Department of Chemistry "Ugo Schiff" and Magnetic Resonance Center, University of Florence, Via Luigi Sacconi 6, 50019 Sesto Fiorentino (Florence), Italy.
Chem Rev. 2022 May 25;122(10):9468-9496. doi: 10.1021/acs.chemrev.1c00871. Epub 2022 Jan 13.

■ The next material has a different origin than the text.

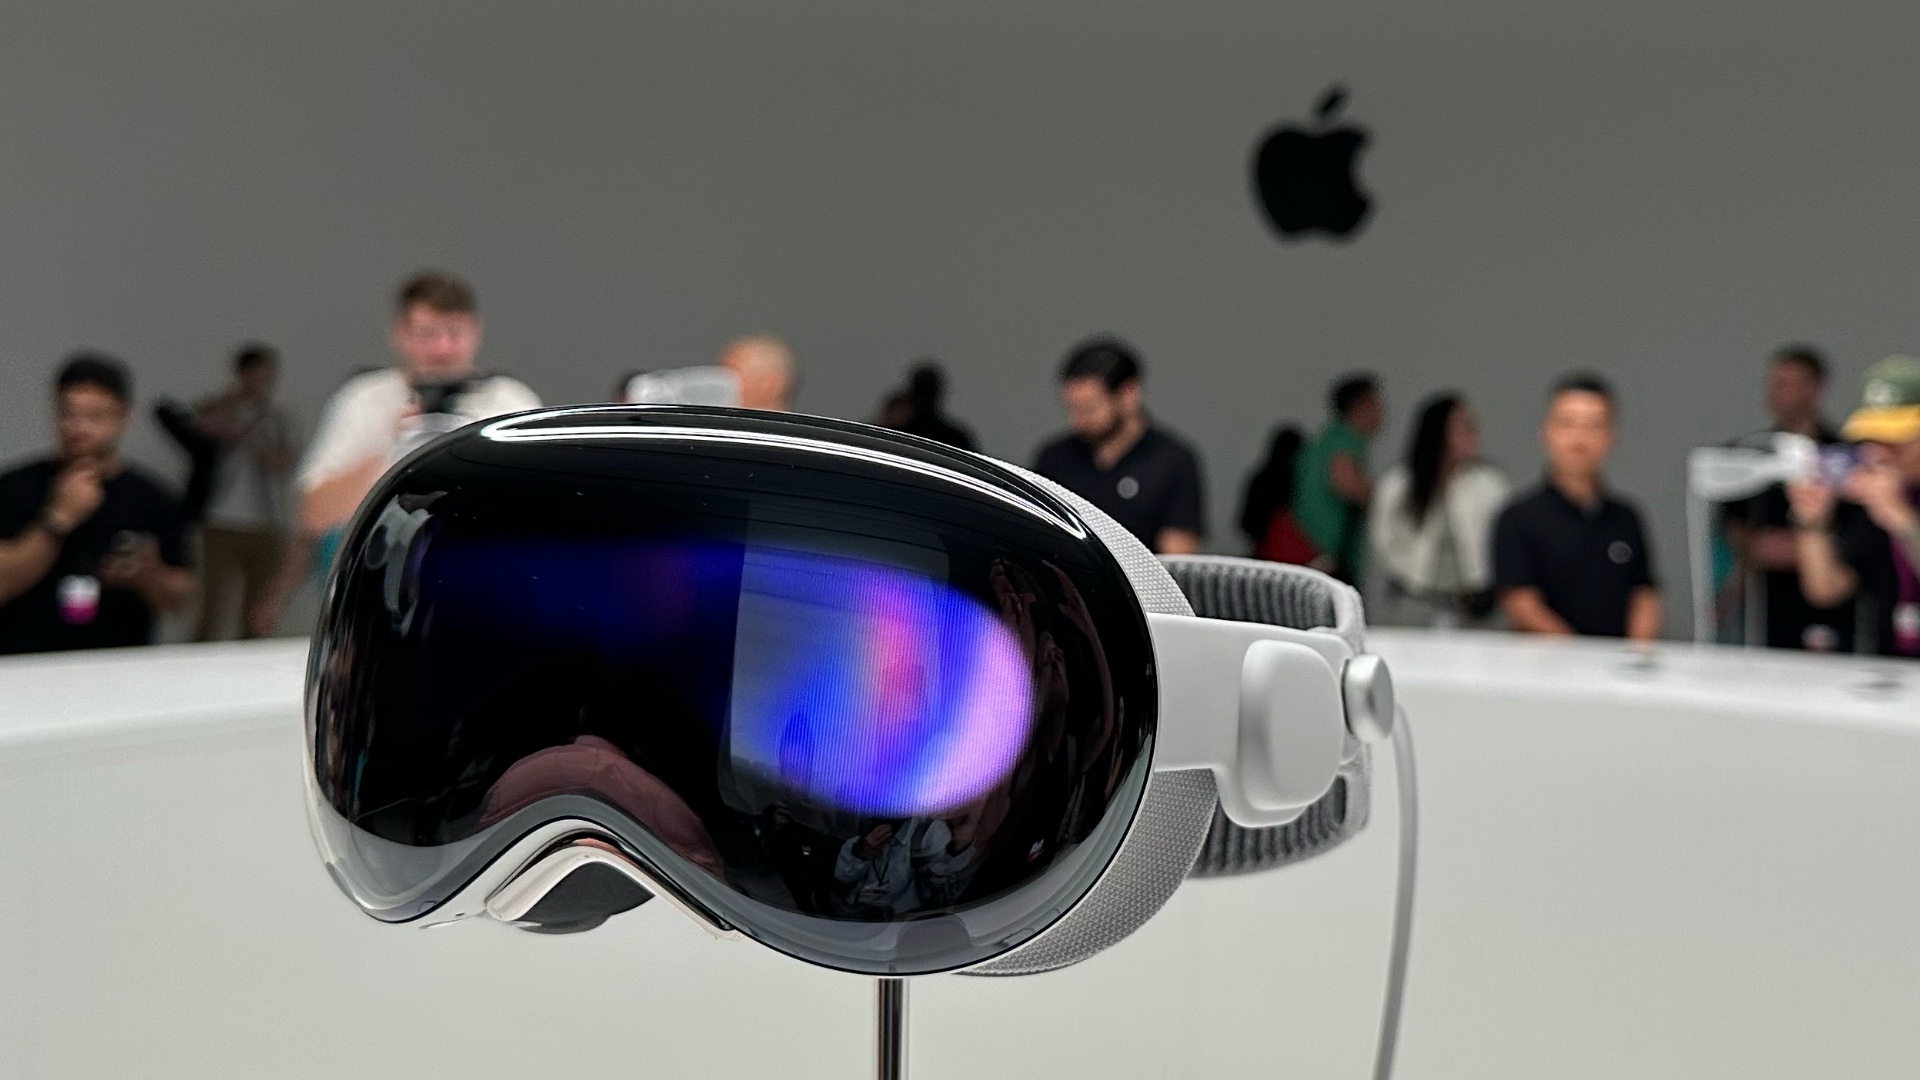 Réalité virtuelle : le pari risqué de Sony avec son nouveau casque
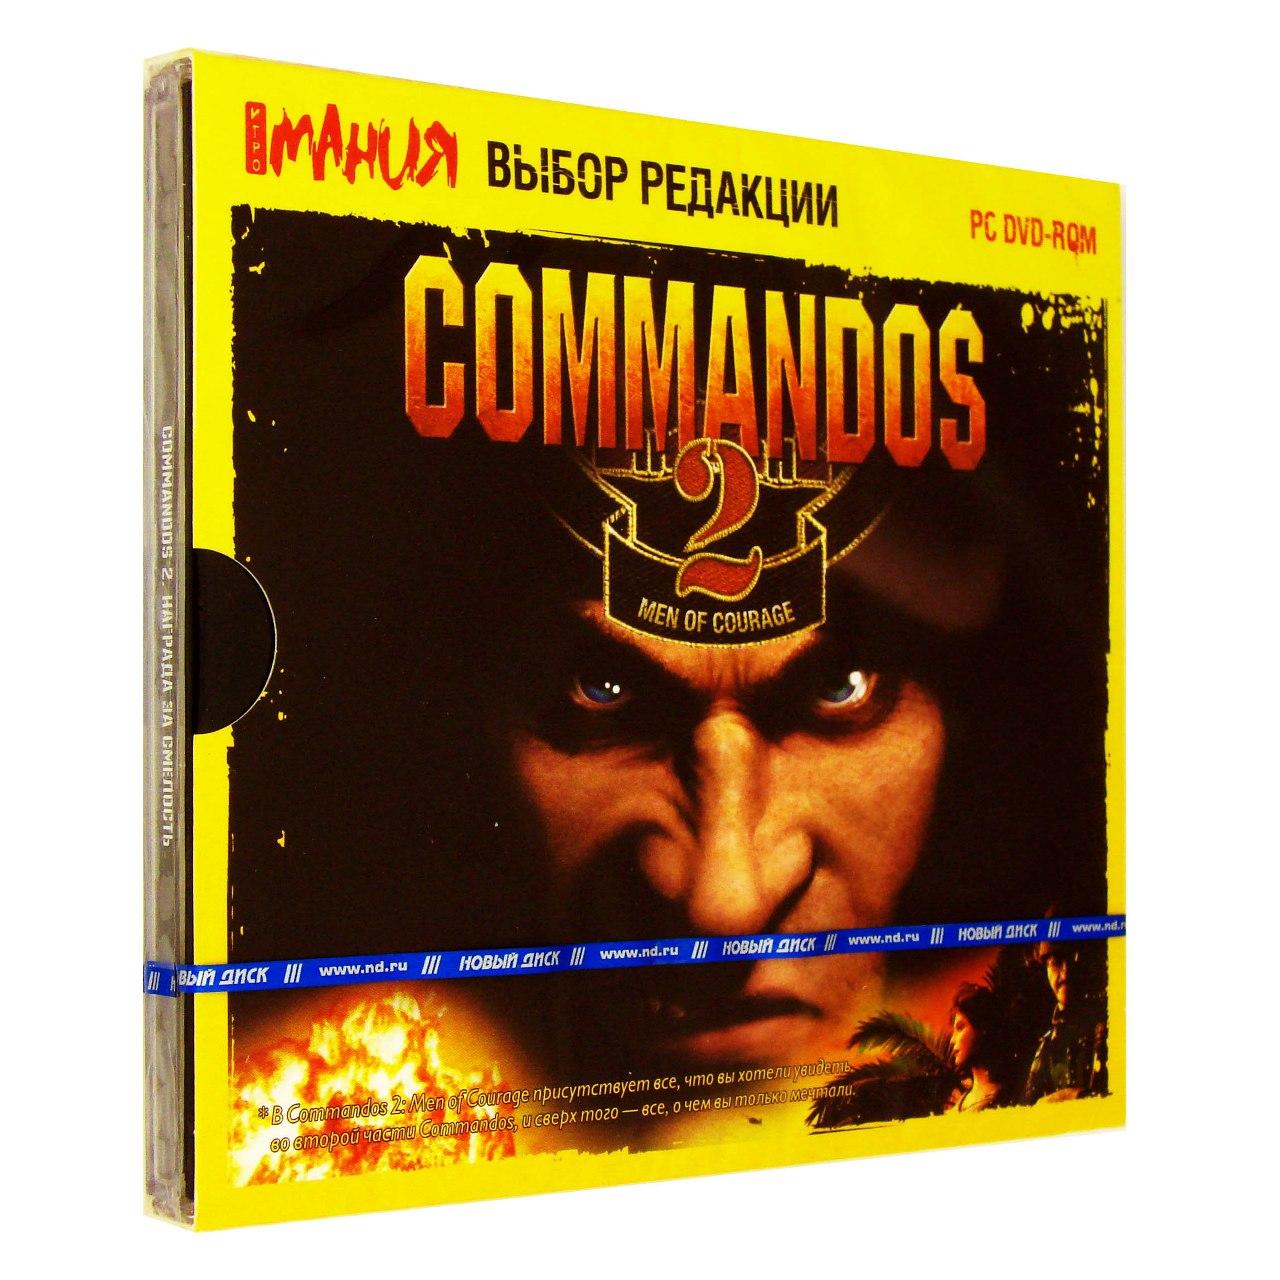 Компьютерный компакт-диск Commandos 2: Награда за смелость (ПК), фирма "Новый диск", 1DVD

Thanks to recent improvements in NMR spectrometer hardware and pulse sequence design, modern C NMR has become a useful tool for biomolecular applications. The complete assignment of a protein can be accomplished by using C detected multinuclear experiments and it can provide unique information relevant for the study of a variety of different biomolecules including paramagnetic proteins and intrinsically disordered proteins. A wide range of NMR observables can be measured, concurring to the structural and dynamic characterization of a protein in isolation, as part of a larger complex, or even inside a living cell. We present the different properties of C with respect to H, which provide the rationale for the experiments developed and their application, the technical aspects that need to be faced, and the many experimental variants designed to address different cases. Application areas where these experiments successfully complement proton NMR are also described.
由于近年来 NMR 谱仪硬件和脉冲序列设计的改进,现代 C NMR 已成为生物分子应用的有用工具。通过使用 C 检测多核实验,可以完成蛋白质的完整分配,并且可以为研究各种不同的生物分子(包括顺磁蛋白和天然无序蛋白)提供相关的独特信息。可以测量广泛的 NMR 可观测值,这些可观测值有助于孤立的、更大复合物中的或甚至在活细胞内的蛋白质的结构和动力学特征的描述。我们介绍了 C 相对于 H 的不同性质,这些性质为开发的实验及其应用提供了依据,说明了需要面对的技术方面,以及为解决不同情况而设计的许多实验变体。还描述了这些实验成功补充质子 NMR 的应用领域。